GSA’s effort toward execution of long-term leases has been a popular topic among investors. Going back to the earliest days of this blog, we observed that the remaining term of GSA leases was dwindling. When GSA began to embrace long-term leases as a means to achieve better rents, we chronicled the agency’s efforts to execute longer-term lease contracts (both here and here). Long-term leases are an important metric to watch because they create core assets that attract capital to the sector. For several years, the number of long-term GSA-leased properties were growing more scarce, but we’ve now seen that trend stabilize. It’s happening at a time of general uncertainty, when capital is increasingly eager to find safe harbor investments such as government-leased real estate.
To touch base on this trend, we return to a leading indicator of lease term: our long-running analysis of GSA’s pre-solicitation notices. Let’s start with a primer for the uninitiated. Each time GSA engages in a lease procurement, whether that procurement is likely to result in a new lease or a renewal, it posts a public notice describing the basic terms of the procurement including the anticipated lease term and any termination rights.
Colliers has analyzed more than 2,600 of these notices posted over the past decade and we use this analysis to forecast where the leasing market is headed. Depending on the circumstances of each anticipated lease, the pre-solicitation notice may be published months or years ahead of the actual lease execution, making pre-solicitation notices a clear leading indicator of market direction.
What we can tell you from our latest analysis is that long-term leasing is still prevalent, though the trend towards longer-term contracts (as measured through mid-year 2020) appears to be tailing off. Despite the slight downturn in the average lease terms proposed for GSA’s upcoming leases, when weighted by square footage new lease terms are still trending longer.
Because prospectuses cause planning for large leases to begin earlier, the weighted trends (orange lines) may lag a bit and the simple average trends (blue lines) could be a somewhat more reliable indicator of direction. In any case, long-term leases are more common now than at any time in memory. As a percentage of all leases, the number of long-term contracts has grown, including the firm (non-cancelable) portion of those contracts. The graphs below focus on firm term, though the trends for overall lease term (regardless of termination rights) is similar.
In 2018 we began seeing a substantial shift in the number of new lease requirements featuring long-term, 10- to 20-year non-cancelable leases, though we can trace the trend back even a few years before that. Clearly, leases ten years or longer are currently far more prevalent as a percentage of the total. But what about in the aggregate?
The news here is good too because we can clearly see that long-term lease procurements are increasing in overall numbers. Remarkably, the most dramatic growth has been among leases with 15- to 20-year firm terms, a rare occurrence just a few years ago, especially among second-generation leases.
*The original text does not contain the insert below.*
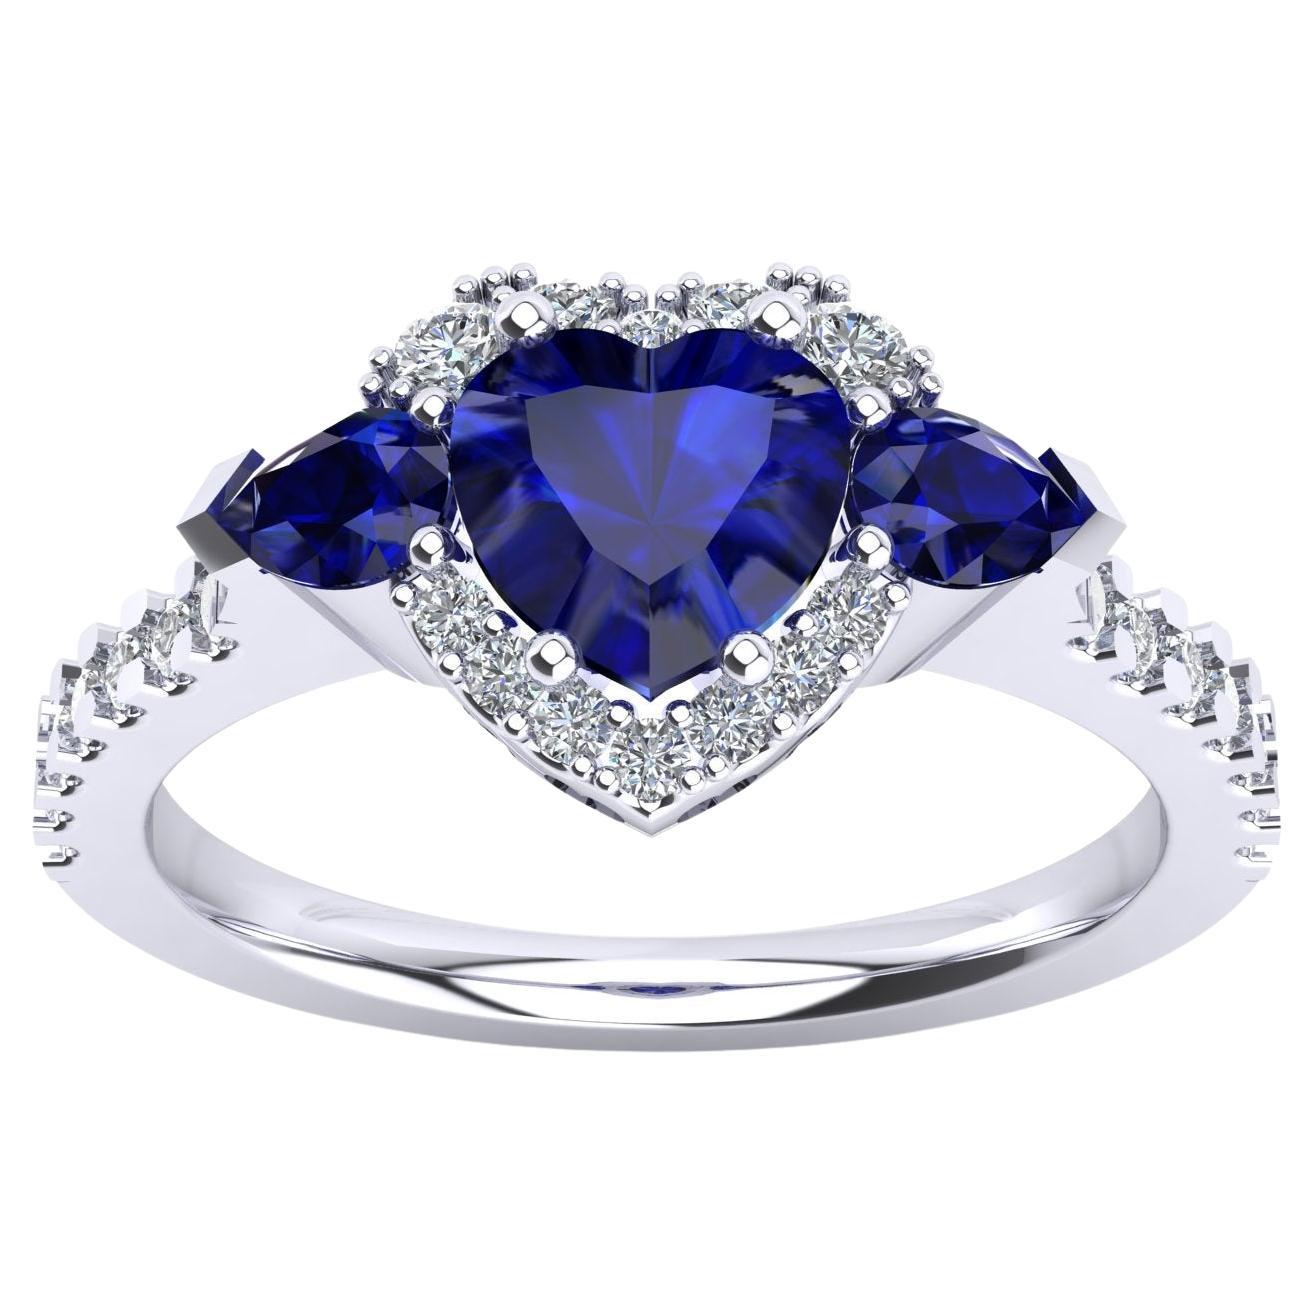 For Sale:  Heart Ring with Blue Sapphires and Diamonds, 18 Karat White Gold, Made in Italy

This trend towards long-term contracts–especially non-cancelable ones–is creating opportunities for investors. Though continued inventory square footage reduction is tamping down the overall level of investment opportunity, the share of long-term leased assets is poised to grow.
A quick note on methodology: Colliers’ analysis only includes pre-solicitation notices requiring at least 5,000 ABOA SF and at least five years of total lease term. Canceled procurements are excluded. Where notices were updated and reposted, we selected only the most recent notice in our analysis. In the early years of this analysis we excluded general AAAP procurements but, as AAAP is now generally employed for specifically identified requirements, we include these. Only GSA procurements are included, excluding agency leases intended for execution using delegated or statutory authority.